Si le débiteur peut solliciter, après condamnation, l’exonération de la majoration, une telle mesure ne reste que facultative, subordonnée à la mise en œuvre d’un recours au stade de l’exécution. Or le prononcé d’une condamnation impliquant la majoration automatique du taux d’intérêt contrevient aux objectifs du droit communautaire, puisque la possible exonération par le juge de l’exécution demeure aléatoire, ce qui laisse subsister dans l’ordonnancement juridique des décisions portant une sanction non effective.
Il convient dès lors d’écarter tout intérêt moratoire, même au taux légal non majoré, afin d’assurer le caractère effectif et dissuasif de la sanction de déchéance du droit aux intérêts.
4. Sur les demandes accessoires
En application des dispositions de l’article 696 du code de procédure civile, Mme, [P], [A] épouse, [Z], partie perdante, sera condamnée aux dépens.

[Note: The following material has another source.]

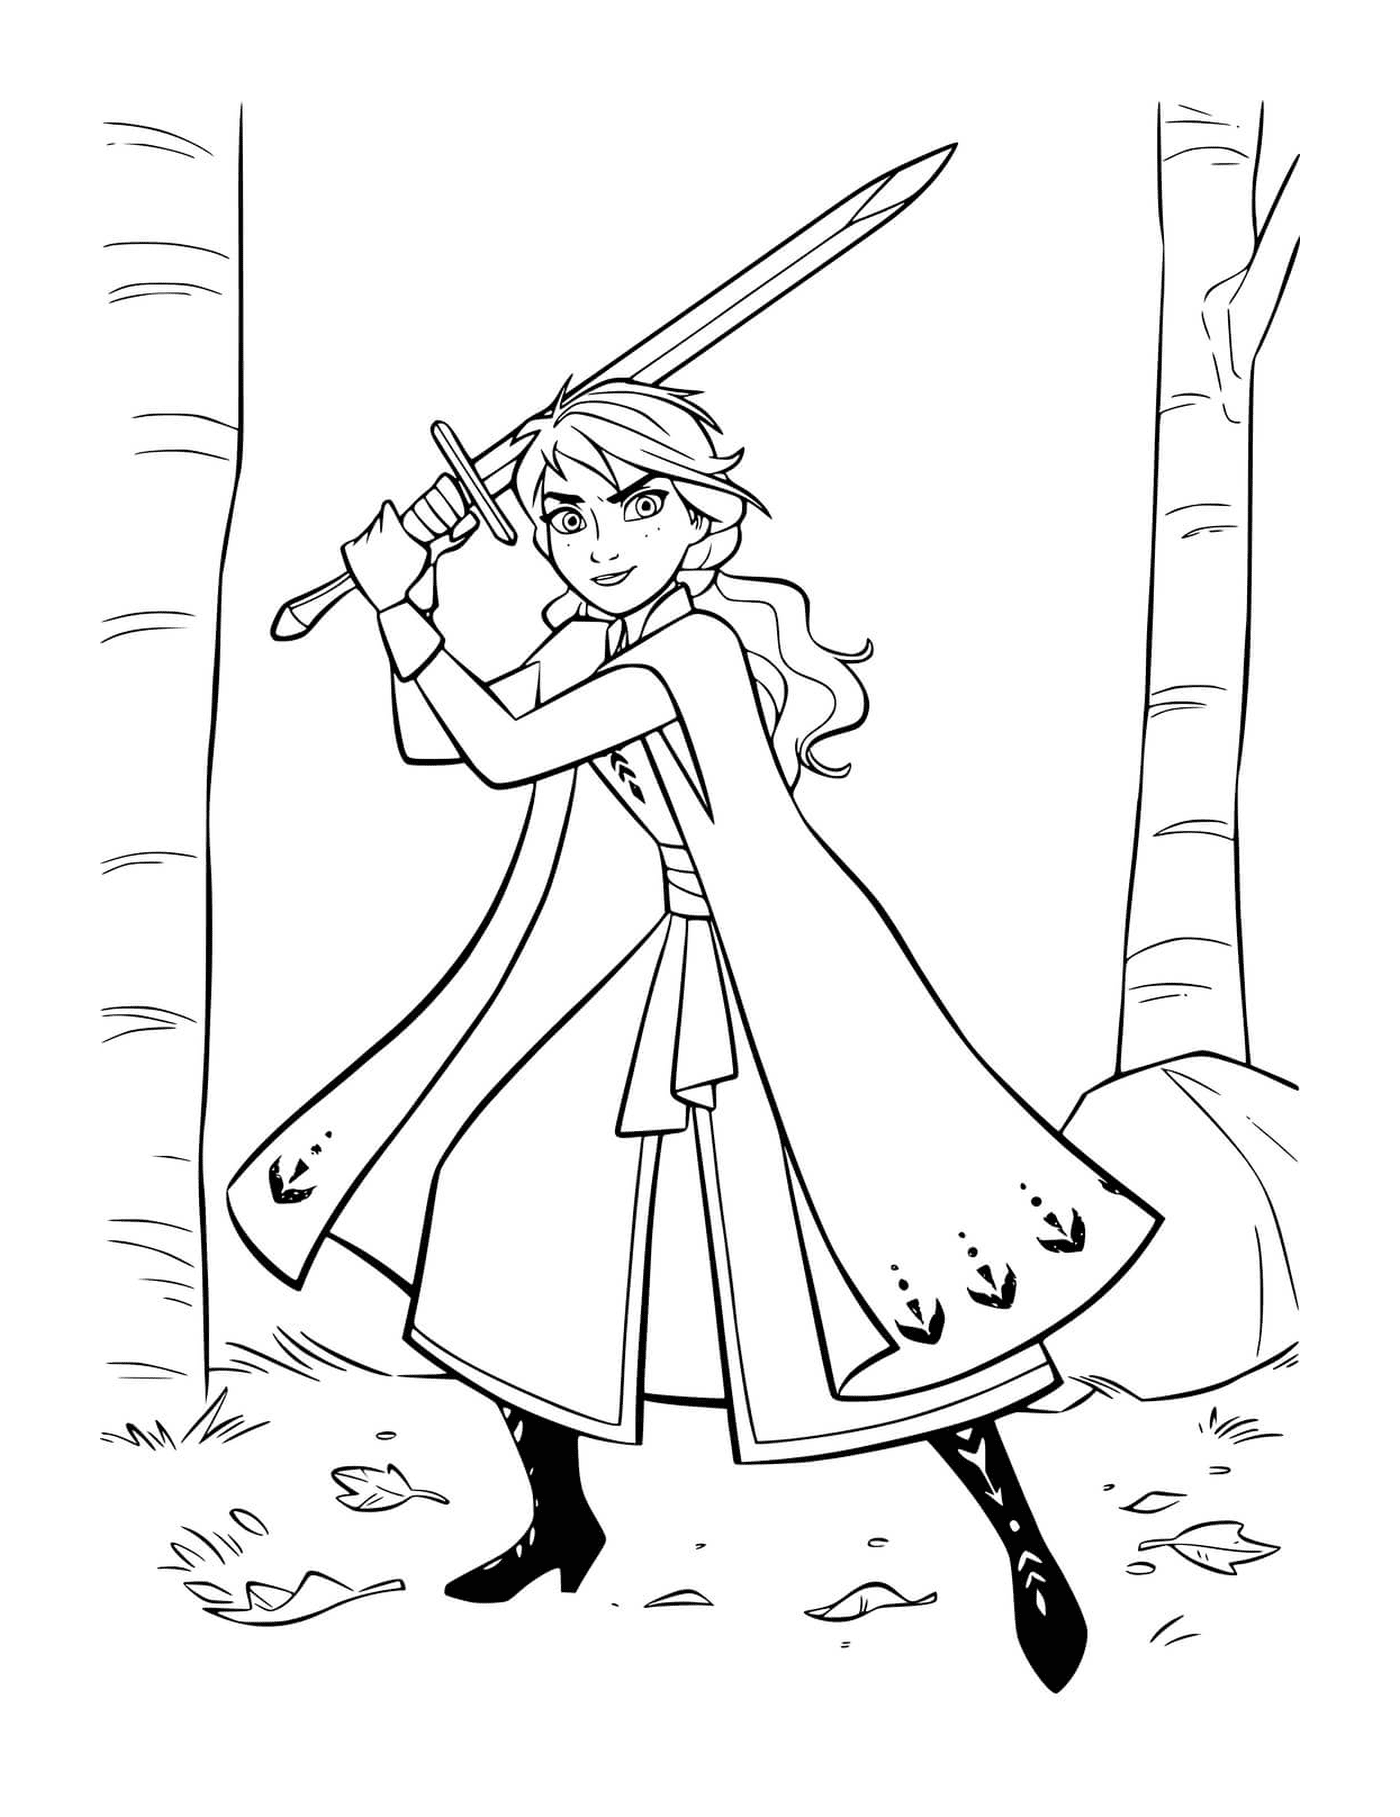 Anna avec une epee pour defendre le royaume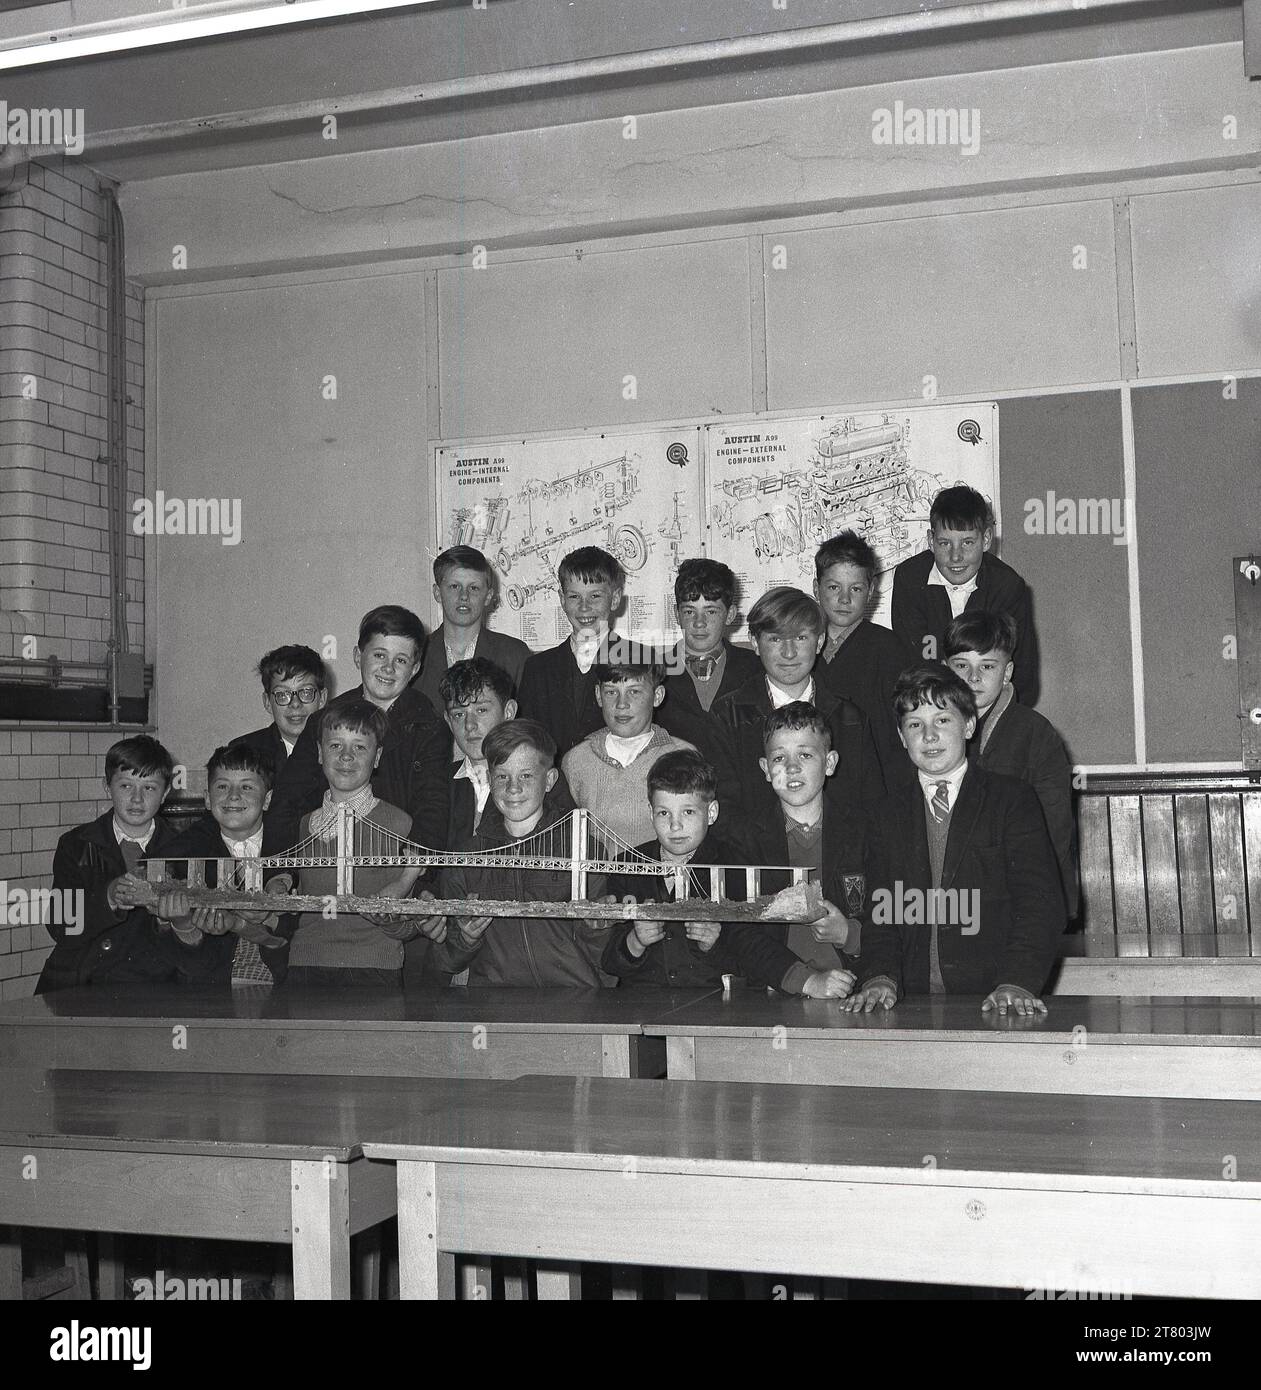 1965, Historical, versammelte sich eine Gruppe von Schülern in einem Klassenzimmer für ein Foto, das ihr Modell der Forth Road Bridge in Fife, Schottland, Großbritannien zeigte. Als die Hängebrücke 1964 eröffnet wurde, war sie die längste Hängebrücke der Welt. Hinter den Jungs, an der Wand, Diagramme für den Motor eines Austin A99, ein beliebtes Auto der damaligen Zeit. Stockfoto

Eu égard à la situation respective des parties, il n’y a par ailleurs pas lieu à condamnation au titre de l’article 700 du code de procédure civile et la SA, [E] CONSUMER FINANCE sera déboutée de sa demande de ce chef.
Il convient enfin de rappeler que le présent jugement est de droit exécutoire à titre provisoire en application des dispositions de l’article 514 du code de procédure civile .
PAR CES MOTIFS
Le juge des contentieux de la protection, statuant après débats en audience publique, par jugement réputé contradictoire en premier ressort, rendu par mise à disposition au greffe,
DECLARE recevable l’action en paiement de la SA, [E] CONSUMER FINANCE ;
PRONONCE la déchéance du droit aux intérêts de la SA, [E] CONSUMER FINANCE BANQUE;
CONDAMNE Madame, [P], [A] épouse, [Z] à payer à la SA, [E] CONSUMER FINANCE la somme principale de 11 268,08 euros, sans intérêt même au taux légal ;
DEBOUTE la SA, [E] CONSUMER FINANCE du surplus de ses demandes ;
DIT n’y avoir lieu à condamnation au titre de l’article 700 du code de procédure civile et DEBOUTE la SA, [E] CONSUMER FINANCE de sa demande de ce chef ;
CONDAMNE Mme, [P], [A] épouse, [Z] aux dépens ;
RAPPELLE que le présent jugement est de droit exécutoire à titre provisoire.